Self-contained example under examples/ with full NixOS flakes for both sides of a deployment (control server + binary cache vs. an agent device), plus a README walking through the end-to-end install + first publish.
5.7 KiB
nix-ota
Open-source OTA updates for fleets of NixOS devices. A self-hostable control server + lightweight device agent that ship prebuilt system closures from a binary cache to devices that don't have your flake.
Think Cachix Deploy, but you run it.
Architecture
┌─────────┐ 1. nix build + nix copy ┌──────────┐
│ CI / │ ─────────────────────────► │ Binary │ (Attic / S3 / nix-serve / Cachix)
│ Builder │ │ Cache │
└────┬────┘ └────▲─────┘
│ 2. publish signed manifest │
▼ │ 4. nix copy --from <cache>
┌─────────────┐ 3. GET current ┌────────┴─────┐
│ Control │ ◄──────────────── │ Device │
│ Server + UI │ 5. POST checkin │ Agent │ ──► switch-to-configuration
└─────────────┘ └──────────────┘
The control server never holds the signing key. Operators (or CI) sign manifests with an offline ed25519 key and POST them; devices verify against a pinned public key. A server compromise cannot push arbitrary closures.
Components
| Crate | Binary | Role |
|---|---|---|
crates/server |
nix-ota-server |
REST API + SQLite + HTMX dashboard |
crates/agent |
nix-ota-agent |
Polls, verifies, applies, rolls back |
crates/publisher |
nix-ota |
Operator/CI CLI (keygen + publish) |
crates/common |
(lib) | Manifest types + ed25519 |
Quickstart (< 10 minutes)
👉 For a complete copy-pasteable setup with two real NixOS flakes (server host + device host), see
examples/.
1. Generate a signing key on your workstation
nix run git+https://linus.dyrehytten.dk/max/nix-ota#nix-ota -- keygen --out ./sign.key
# prints the public key — save it, you'll bake it into every device.
2. Deploy the server
# configuration.nix
{
imports = [ nix-ota.nixosModules.server ];
services.nix-ota-server = {
enable = true;
openFirewall = true;
publishTokenFile = "/run/secrets/nix-ota-publish-token";
};
}
3. Install the agent on a device
{
imports = [ nix-ota.nixosModules.agent ];
services.nix-ota-agent = {
enable = true;
server = "https://ota.example.com";
channel = "prod";
deviceId = "fridge-007";
publicKey = "<base64 ed25519 pubkey from step 1>";
cacheUrl = "https://cache.example.com";
cachePublicKey = "cache.example.com:abc...=";
healthCmd = "systemctl is-system-running --wait"; # optional
};
}
4. Publish your first update
nix build .#nixosConfigurations.fridge-007.config.system.build.toplevel
nix copy --to s3://my-cache ./result
nix run git+https://linus.dyrehytten.dk/max/nix-ota#nix-ota -- publish \
--server https://ota.example.com \
--token $(cat publish-token) \
--key ./sign.key \
--channel prod \
--store-path $(readlink -f result) \
--substituter https://cache.example.com
Open https://ota.example.com/ to watch the fleet pick it up.
How updates apply
On each poll the agent:
- Fetches
/channels/<name>/current. - Verifies the ed25519 signature against the pinned key.

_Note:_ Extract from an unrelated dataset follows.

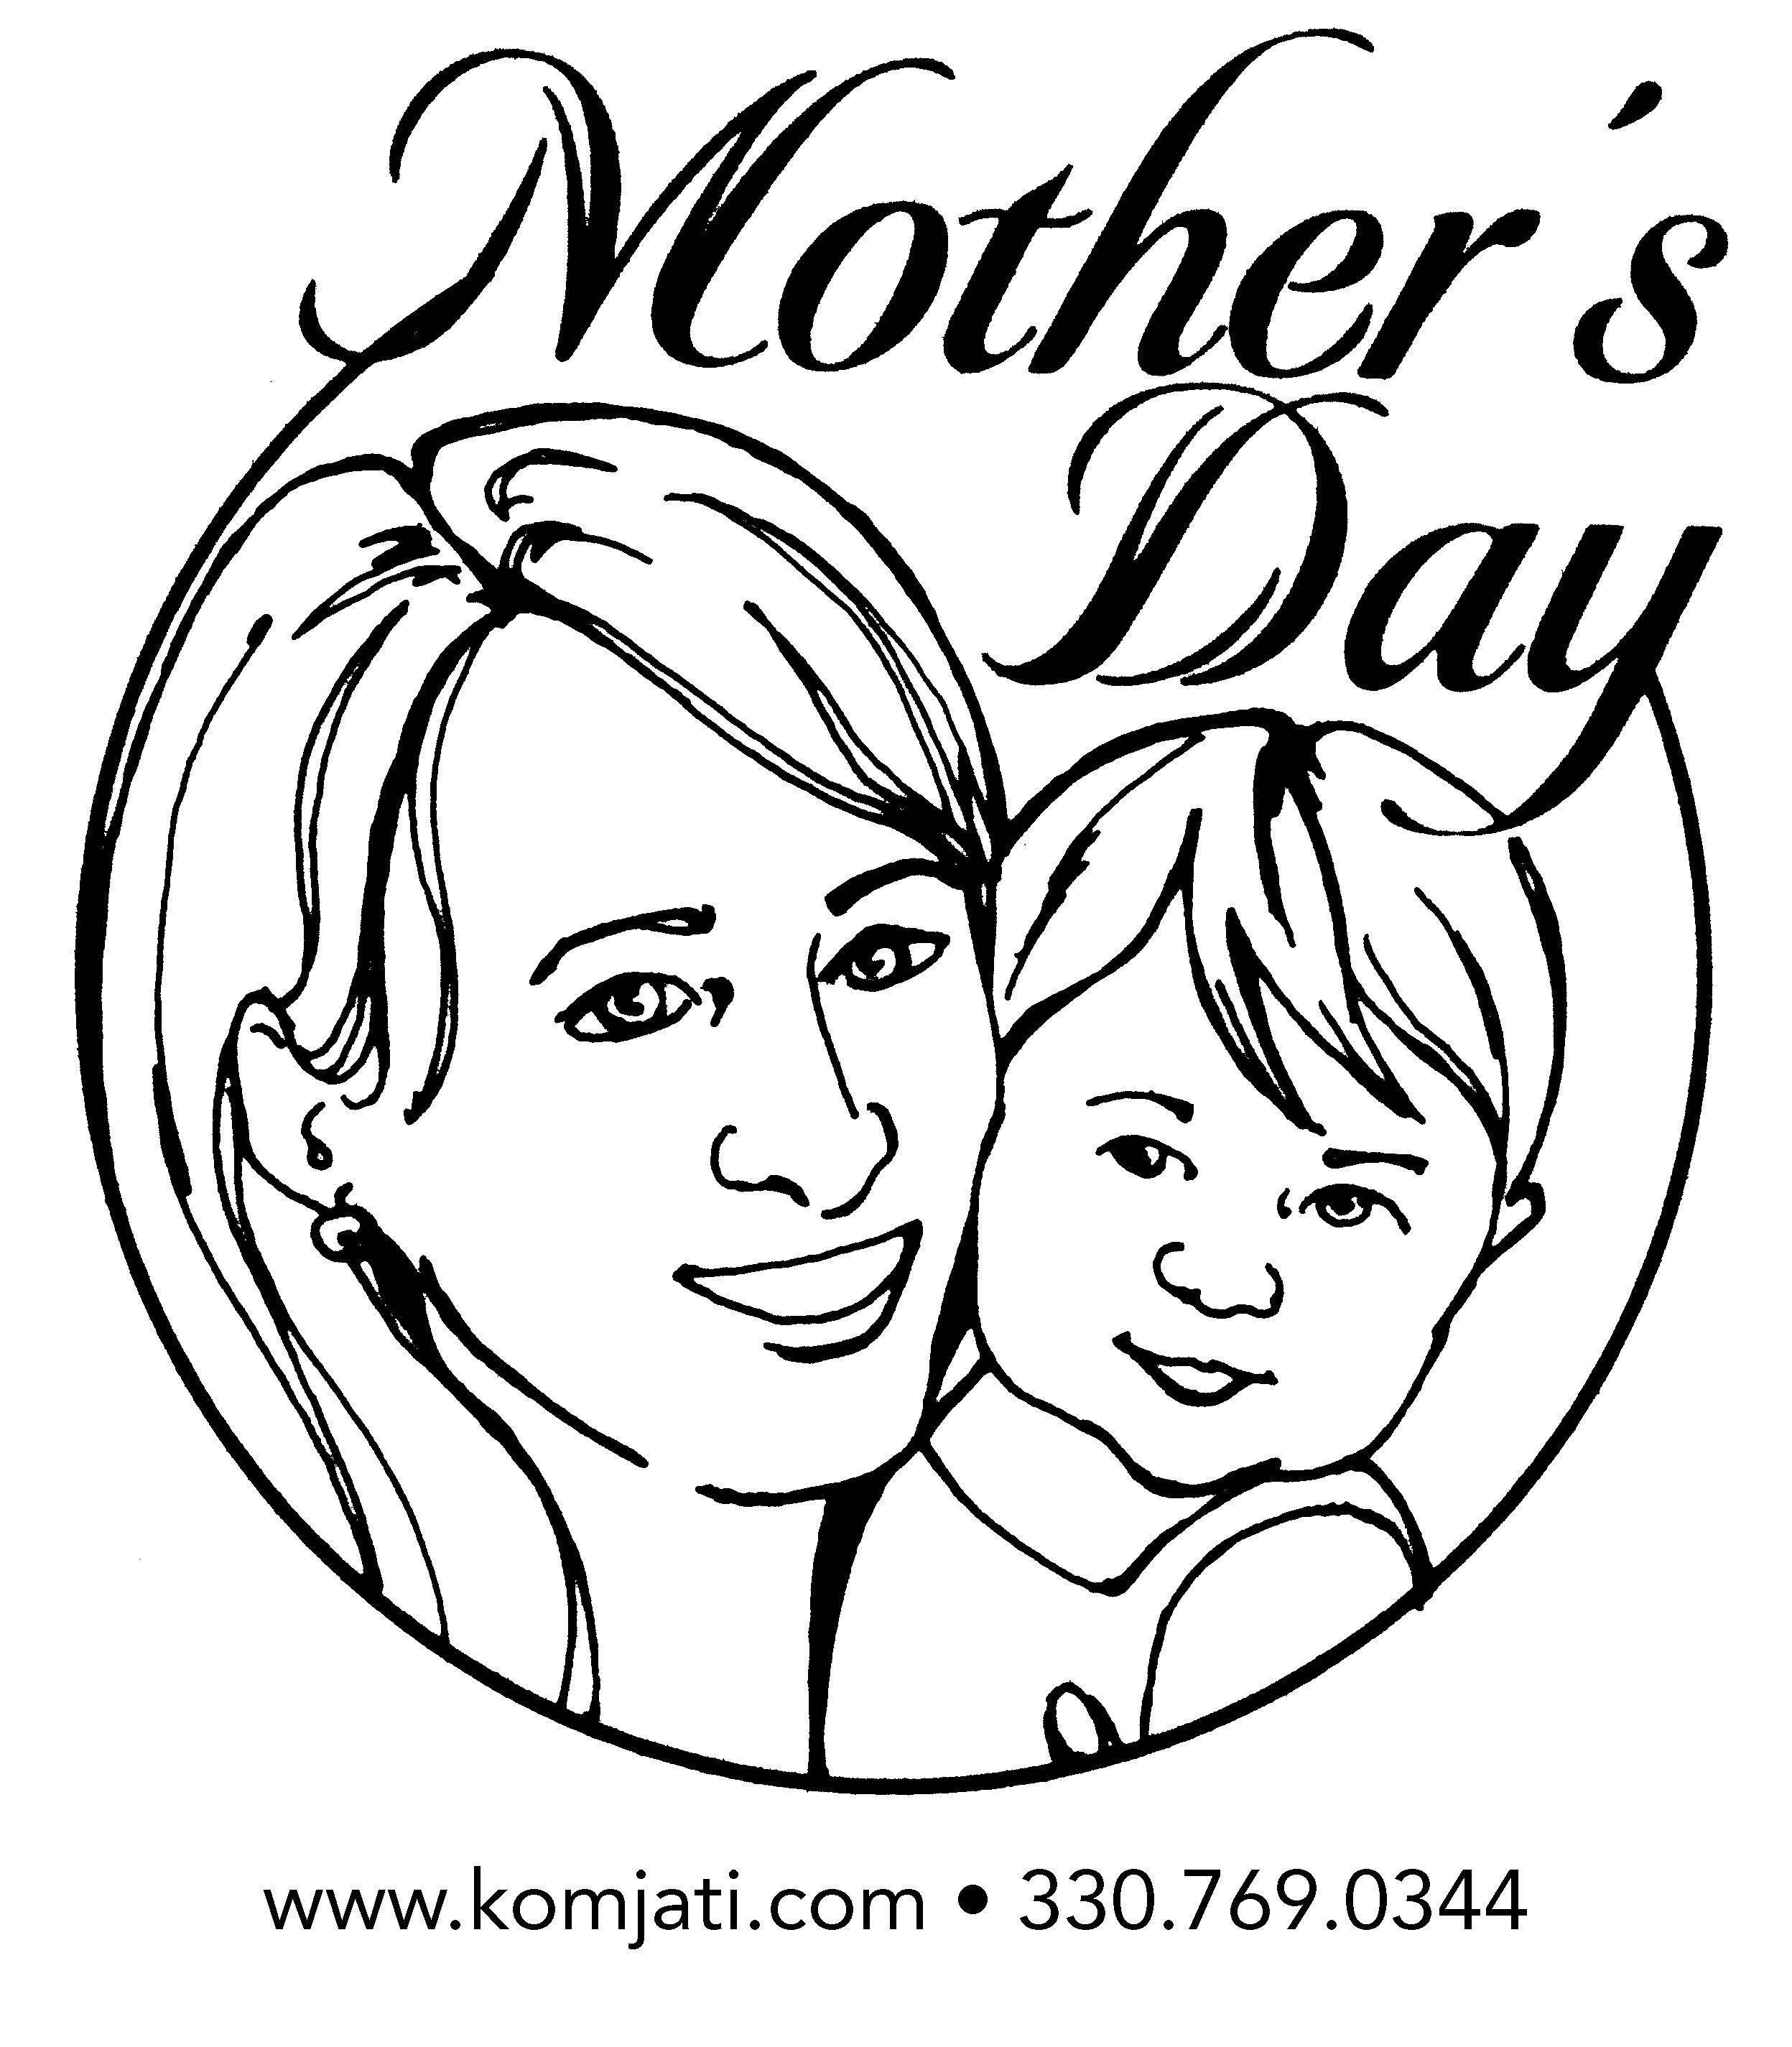 Открытки ко дню матери рисунок быстро, поздравлениями месяцев

- Rejects manifests with a revision ≤ the last one applied (replay defense).
nix copy --from <substituter> <storePath>— Nix verifies cache signatures on every store path.nix-env -p /nix/var/nix/profiles/system --set <storePath><storePath>/bin/switch-to-configuration switch- Runs the optional
healthCmd. On failure: switches back to the previous generation and reportsrolled_back.
Threat model
| Threat | Mitigation |
|---|---|
| Compromised control server pushes evil | Manifests must be signed by offline ed25519 key pinned on every device. |
| Compromised cache serves wrong closure | Nix verifies per-path signatures against trusted-public-keys. |
| Replay of an older (vulnerable) closure | Manifest carries monotonic revision; agent persists & rejects rollbacks. |
| Random internet caller publishes | POST /channels/:name/publish requires bearer token. |
| Random caller reads fleet state | UI/API should be put behind your reverse proxy / SSO. (v1: no built-in auth on reads.) |
| Bad closure bricks device | Health-check + magic-rollback to previous system generation. |
Key management: keep sign.key offline (hardware token, ops laptop,
or a sealed CI secret). The server never sees it. Rotating: generate a
new key, update publicKey on devices in a closure published with the
old key, then start signing with the new one.
Non-goals (v1)
- The server does no Nix evaluation or building — CI does that.
- No replacement for your binary cache — use Attic, Cachix, S3, nix-serve.
- No per-device secrets (use sops-nix / agenix inside the closure).
- No web-based config editing — config lives in your flake repo.
Development
nix develop
cargo build --workspace
cargo test --workspace
nix flake check # runs the full NixOS VM test
License
MIT OR Apache-2.0.